Retrieval Loss: A Unified Metric for Memory System Performance
We created the retrieval loss formula to establish scaling laws for memory systems, similar to how Kaplan's 2020 paper revealed scaling laws for language models. Traditional retrieval systems were evaluated using disparate metrics that couldn't capture the full picture of real-world performance. We needed a single metric that jointly penalizes poor accuracy, high latency, and excessive cost—the three factors that determine whether a memory system is production-ready. This unified approach allows us to compare different architectures (vector databases, graph databases, memory frameworks) on equal footing and prove that the right architecture gets better as it scales, not worse.
Retrieval Loss (without cost)
Retrieval-Loss = −log₁₀(Hit@K) + λ · (Latency_p95 / 100 ms)Where:
Hit@K = probability that the correct memory is in the top-K returned set
Latency_p95 = tail latency in milliseconds
λ (lambda) = weight that says "every 100 ms of extra wait feels as bad as dropping Hit@5 by one decade"
In practice, λ ≈ 0.5 makes the two terms comparable
Extended Three-Term Formula (with cost):
Retrieval-Loss = −log₁₀(Hit@K) + λL · (Latency_p95 / 100 ms) + λC · (Token_count / 1,000)Where:
λL = weight for latency (typically 0.5)
λC = weight for cost (typically 0.01)
Token_count = total number of prompt tokens attributable to retrieval
Recommended Default Values:
λL = 0.5 (latency weight)
λ$ = 1.0 (cost weight when normalized by $0.10/query)
Key Insights:
This formula was designed to create Kaplan-style scaling law plots for memory layers
Lower values indicate better overall retrieval (high accuracy, low latency)
The formula helps compare different retrieval systems on a single metric
Everyone is engineering context, we're predicting it
Most AI systems today rely on vector search to find semantically similar information. This approach is powerful, but it has a critical blind spot: it finds fragments, not context. It can tell you that two pieces of text are about the same topic, but it can't tell you how they're connected or why they matter together.

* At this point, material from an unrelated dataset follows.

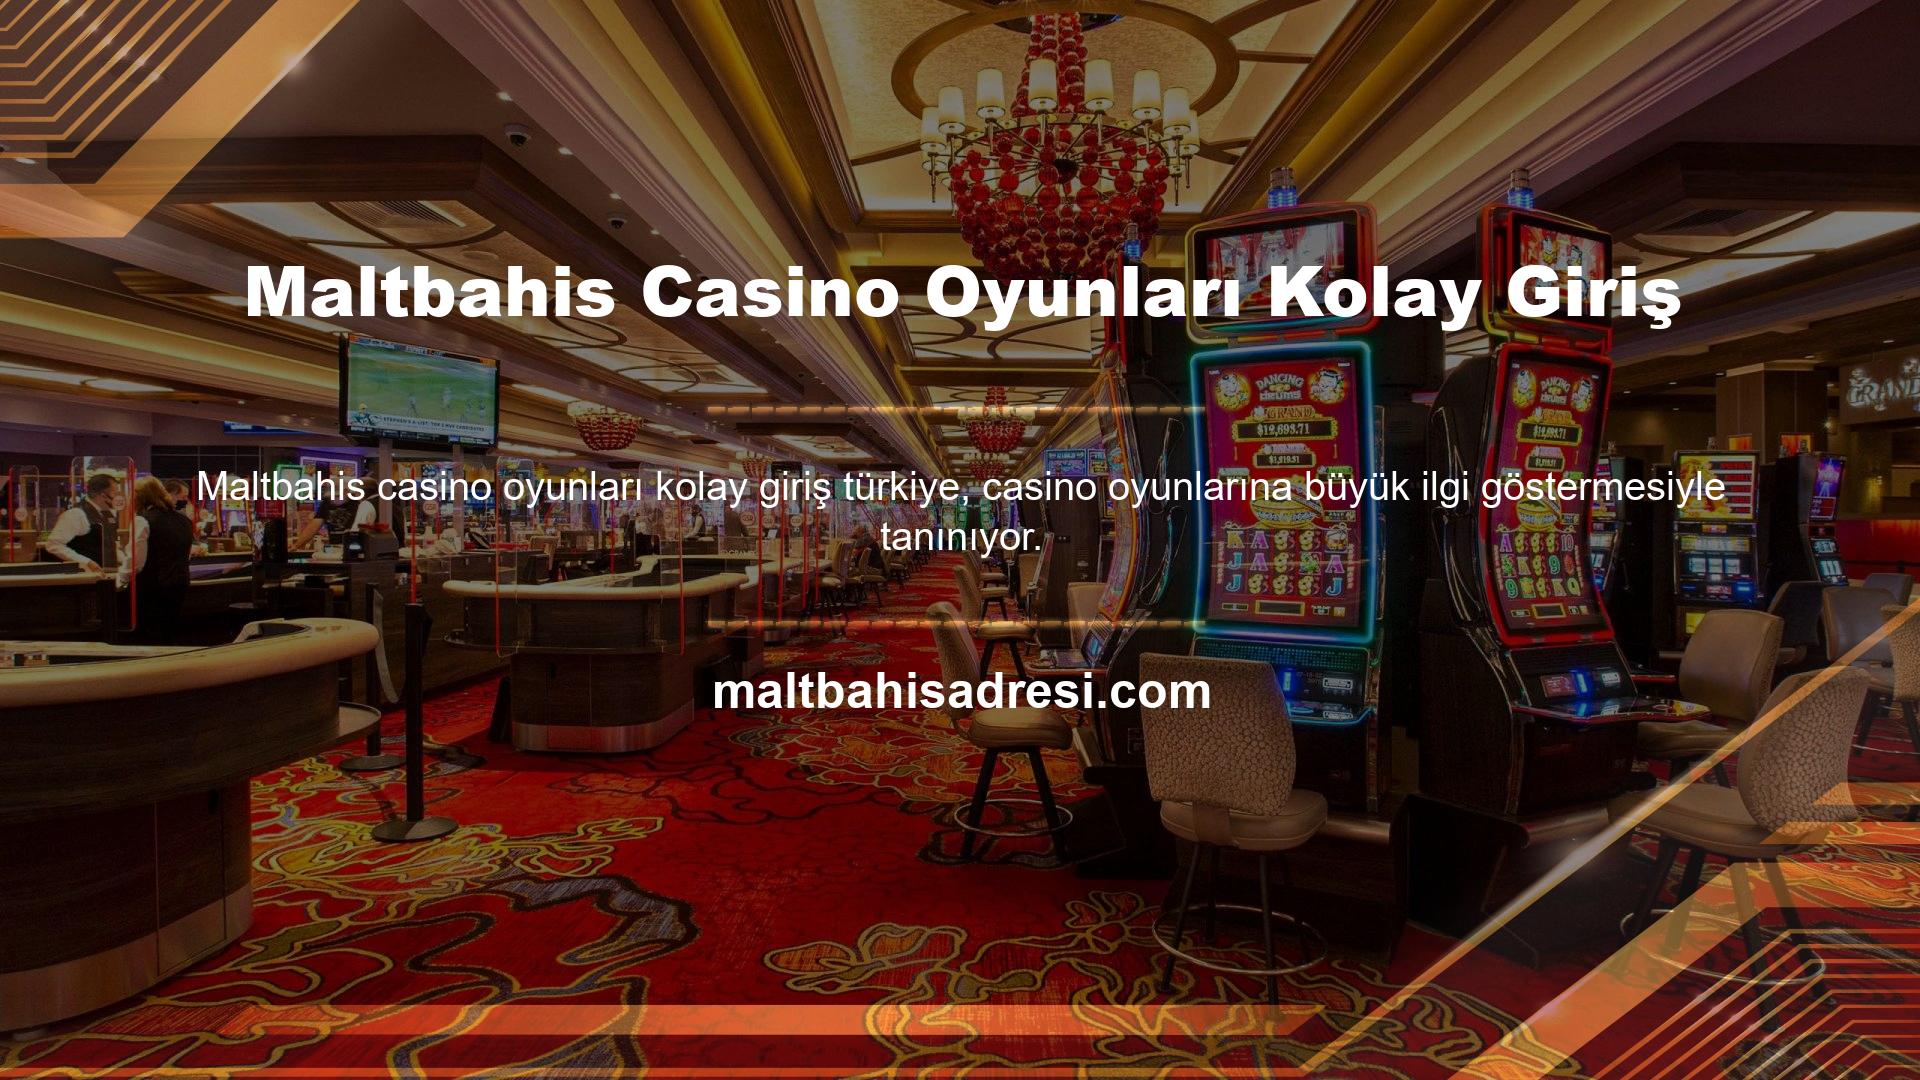 Maltbahis Casino Oyunları Kolay Girişi, bu tutkuyu sonuna kadar desteklemek için birçok casino tutkununun kullanabileceği onlarca kategorideki canlı casino oyunlarını içerir

At the heart of Papr is the Predictive Memory Graph—a novel architecture that goes beyond semantic similarity to map the actual relationships between information. Instead of just storing memories, we predict and trace the connections between them.

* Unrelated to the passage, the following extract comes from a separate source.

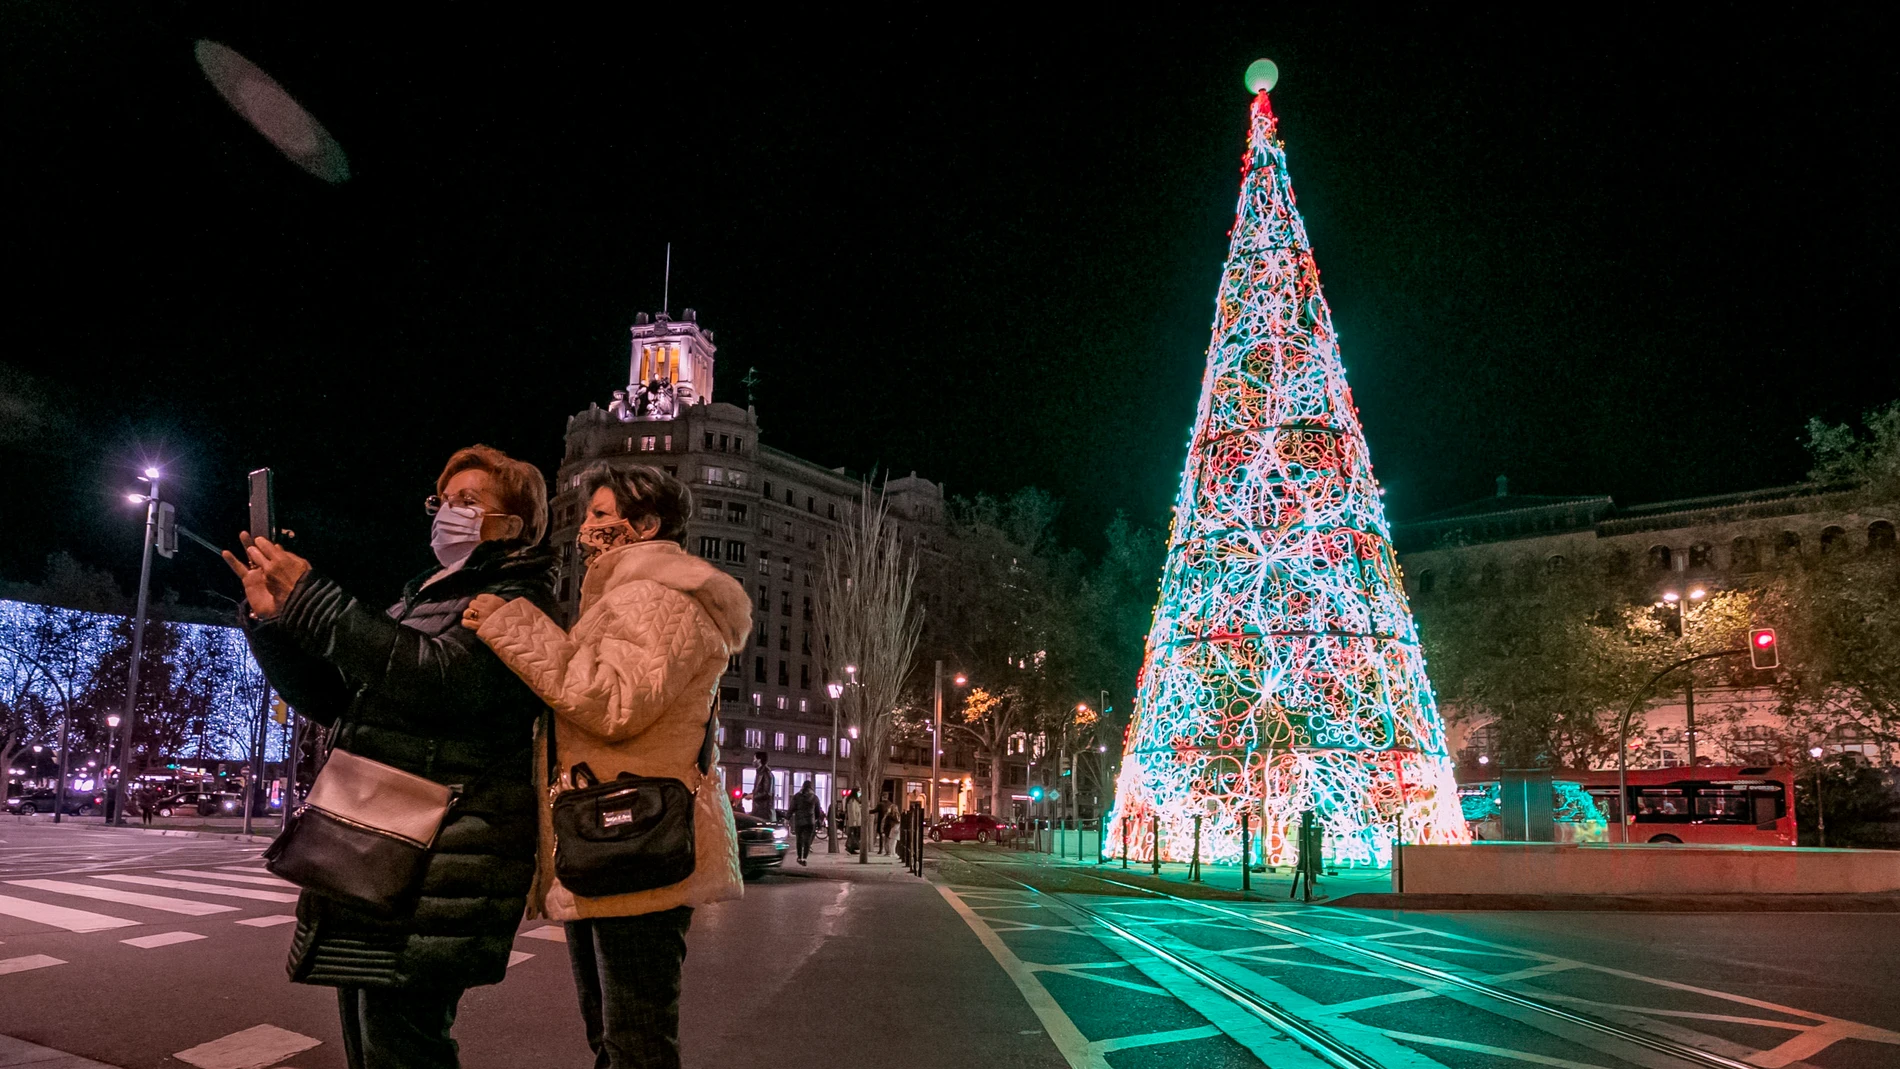 Unas mujeres se fotografían con el árbol de Navidad en la Plaza de Paraíso de Zaragoza

When Papr sees a line of code, it doesn't just index it—it understands that this code connects to a specific support ticket, which relates to a Slack conversation, which ties back to a design decision from three months ago. We build a rich, interconnected web of your entire knowledge base.
This is how we move from simple retrieval to true understanding.

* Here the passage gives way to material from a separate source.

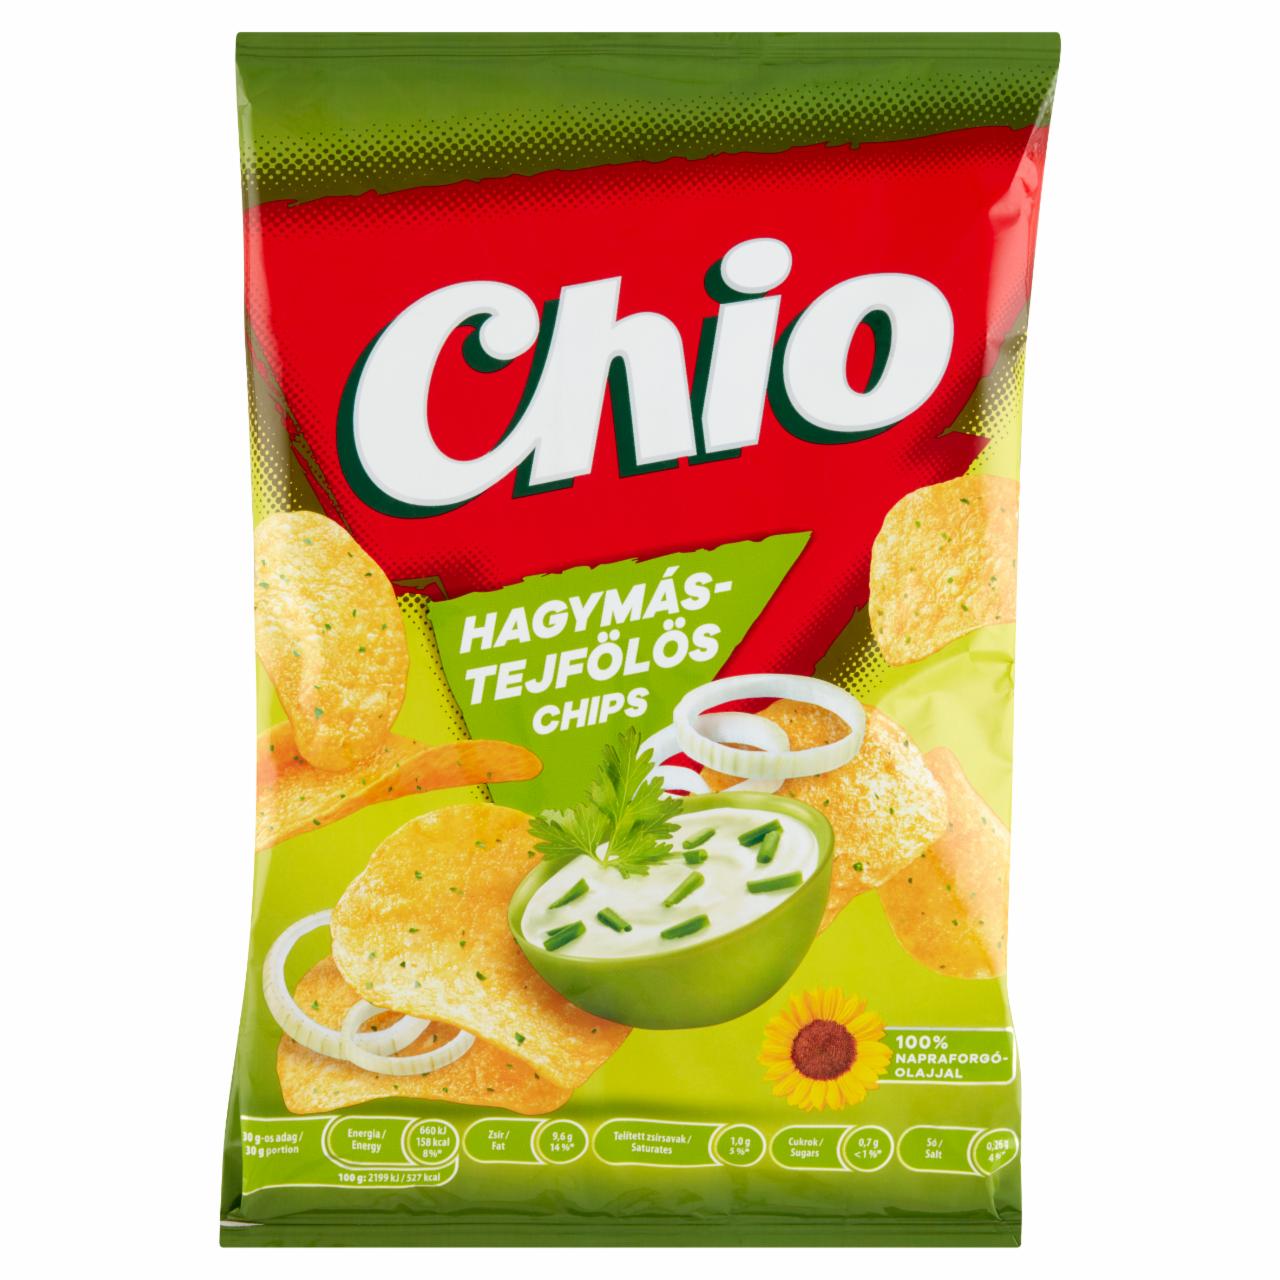 Képek - Chio hagymás-tejfölös burgonyachips 70 g

Predictive Memory: Context Before You Need It
The Memory Graph enables something unprecedented: Predictive Memory. Instead of waiting for your agent to search for information reactively, we predict the context it will need and deliver it proactively.
Our system continuously analyzes the web of connections in your Memory Graph, synthesizing related data points from chat history, logs, documentation, and code into clean, relevant packets of "Anticipated Context." This context arrives at your agent in real-time, exactly when it's needed.
The results speak for themselves, our latest papr-2 model achieved 91% hit@5 (up from 86%) and ranks #1 on Stanford's STaRK benchmark for retrieval accuracy. While other systems suffer from Retrieval Loss as they scale, Papr's predictive memory means that the more data you add, the smarter and more accurate your agents become.
We've turned the scaling problem into a scaling advantage.
What's Possible When AI Remembers?
When AI has connected memory, applications become transformative:
🎯 Customer Support That Actually Knows You
Your support agent remembers every past ticket, conversation, and preference. Instead of forcing customers to repeat themselves, it can proactively say, "I see you had a similar networking issue last quarter—let's start with what we learned there." Frustrating experiences become personal and efficient.
💻 A Coding Partner with Institutional Knowledge
A development agent doesn't just see a function—it sees the pull request that introduced it, the bug it solved, the design discussion that shaped it, and the tests that validate it. Developers can ask complex questions like "Why did we choose this architecture?" and get answers rooted in the project's complete institutional memory.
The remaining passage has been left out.